Êtes-vous plutôt Horace ou plutôt Curiace ?

Courses / 05.08.2019

Êtes-vous plutôt Horace ou plutôt Curiace ?

Par Mayeul Caire

Entendu dimanche à une table du Jardin des propriétaires sur l’hippodrome de Deauville :

- Tu as étudié les partants du Crèvecœur ? Quels sont les bruits ?

- Dix-huit entraîneurs sont sûrs de gagner.

- Mais il n’y a que quatorze partants ?!

- Je sais…

Voilà. Avec cette petite plaisanterie, on plonge au cœur de la magie du Prix des Marettes et du Prix de Crèvecœur. Les deux courses sont mythiques à plus d’un titre. Par leur palmarès, par les origines et par les physiques alignés au départ, par le désir que tous les professionnels ont de les gagner. Plus encore : par ce qu’elles symbolisent. Et que symbolisent-elles ? La tradition hippique dans ce qu’elle a de plus pur.

Un : le panache… car, dans une course d’inédits, on court par définition à l’aveugle et c’est le talent brut qui est récompensé (celui de l’animal et celui de son entraîneur).

Deux : la plus subtile articulation entre la dimension professionnelle des courses et leur dimension turfistique, car tout turfiste qui se respecte va à la pêche aux tuyaux et rêve de toucher le gagnant des Marettes ou du Crèvecœur. (J’ajouterais, pour encore anoblir l’exercice, que parier sur ces deux courses est un jeu qui se pratique sur place, sur l’hippodrome voire sur les pistes le matin ; pas derrière sa télé ou dans un point PMU.)

Trois : l’affrontement archétypal entre les deux grandes familles de propriétaires, ceux qui élèvent pour courir et ceux qui achètent pour courir. Ainsi ces deux épreuves ressemblent-elles aux grands combats antiques de la mythologie grecque ou romaine, comme la lutte entre les Horaces et les Curiaces.

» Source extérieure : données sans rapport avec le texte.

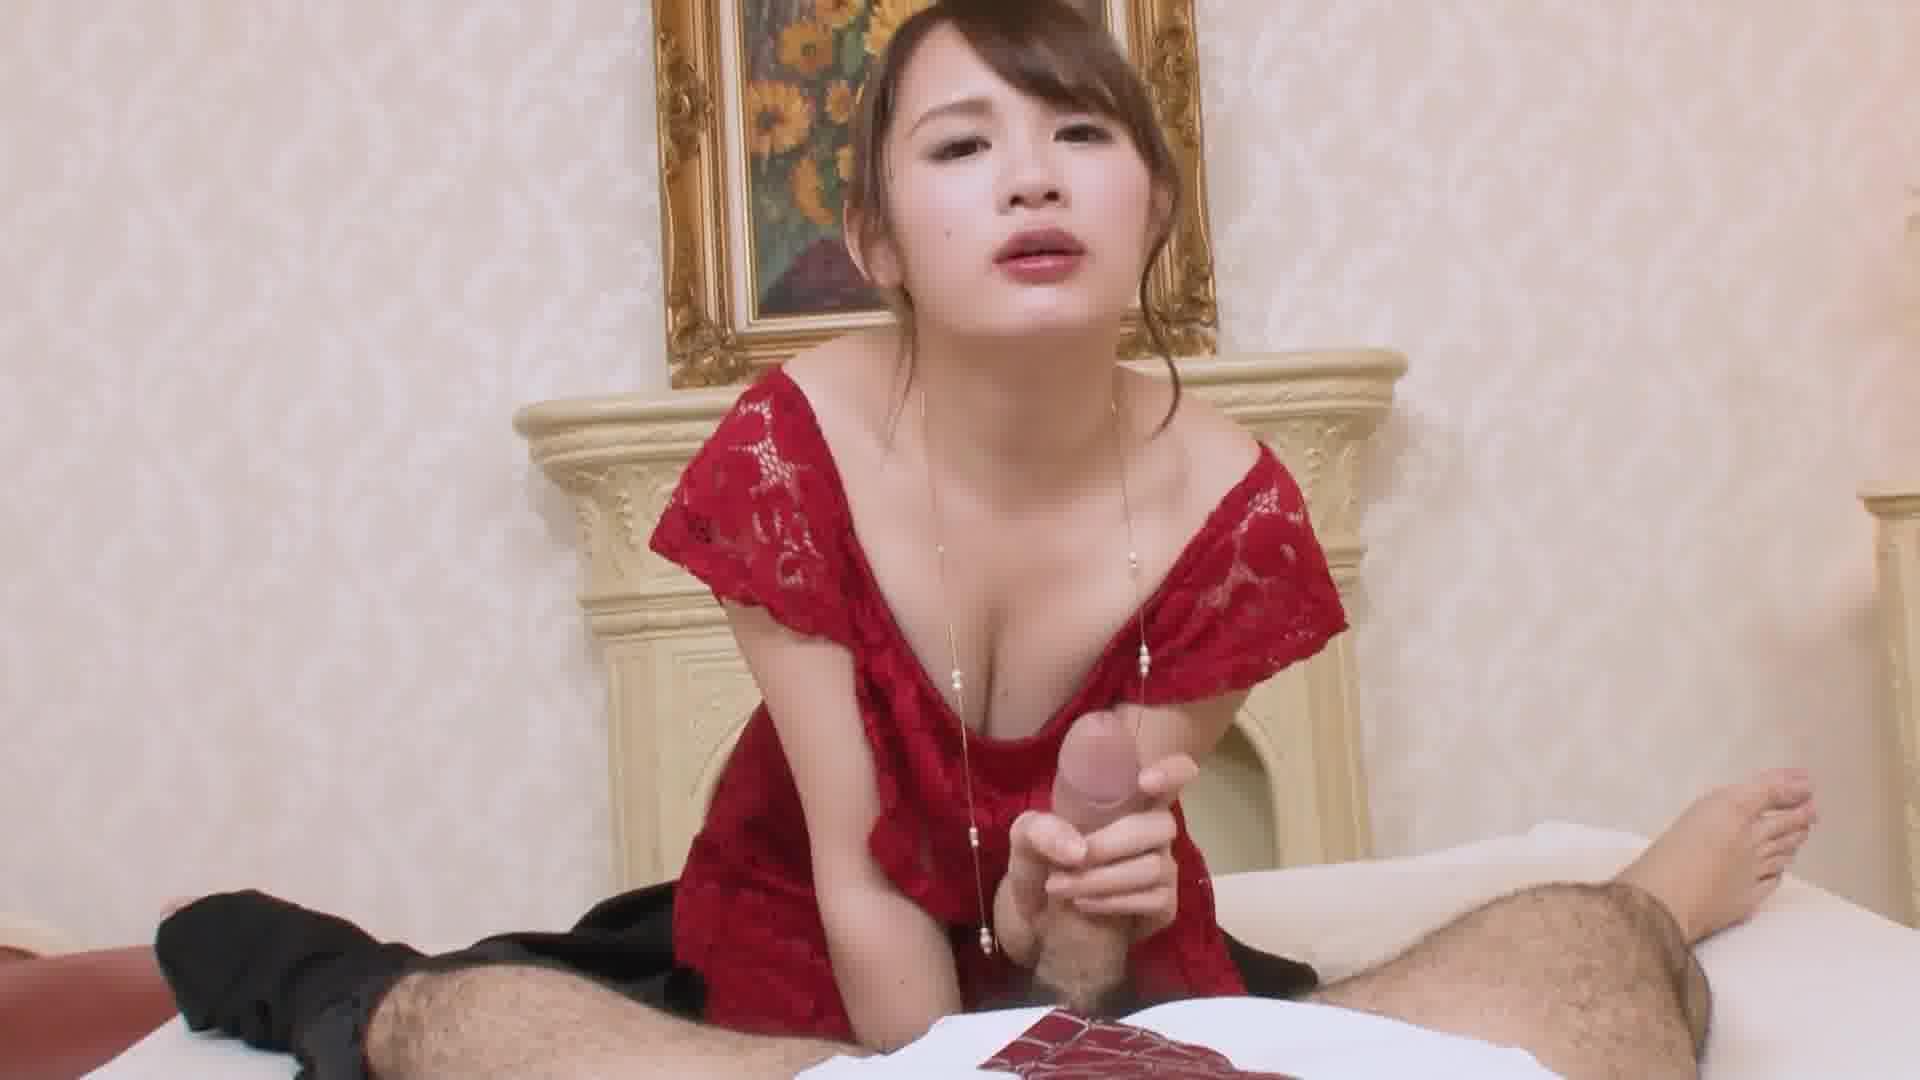 極上泡姫物語 Vol.85 - 小森みくろ【巨乳・パイパン・スレンダー】

C’est magnifique et on parle de quoi ? D’un Groupe 1 ? Non ! D’un maiden.

Pour expliquer les courses à quelqu’un qui ne les connaît pas, on devrait toujours lui parler des Marettes et du Crèvecœur. Rien n’est plus vrai et ne donne plus envie de tenter l’aventure hippique, que ce soit comme parieur, comme éleveur, comme propriétaire, comme entraîneur ou comme simple spectateur. Les Marettes et le Crèvecœur sont comme deux îlots de résistance d’une culture hippique sur laquelle notre Institution ne capitalise pas. Un moment de vraie bravoure, un espace de pure jouissance et un lieu de haute mémoire hippique. Un lien possible entre passé et avenir. Une magnifique opportunité de capitaliser sur ce qui fait la force et le charme d’un sport-spectacle-pari – les courses – unique en son genre.

Voilà pourtant un pari hippique qui serait amusant : les Horaces contre les Curiaces… oups, pardon, les éleveurs-propriétaires contre les acheteurs-propriétaires. Exemple dans les Marettes. Team 1 (éleveurs-propriétaires) : Greenland, Gemcutter et Savarin. Team 2 (acheteurs-propriétaires) : La Norma, Ladyval, Dream and Do et Like a Charm. Et, dans le rôle du « 0 à la banque » (ou si vous préférez : le N du pari 1N2) : Digression, car elle est passée en vente mais son éleveur est resté associé.

Cette année, c’est un peu tard. Mais pourquoi pas l’an prochain ? Quitte à commencer sous forme de pari gratuit, comme une tombola, pour gagner une glace ou un verre sur l’hippodrome ?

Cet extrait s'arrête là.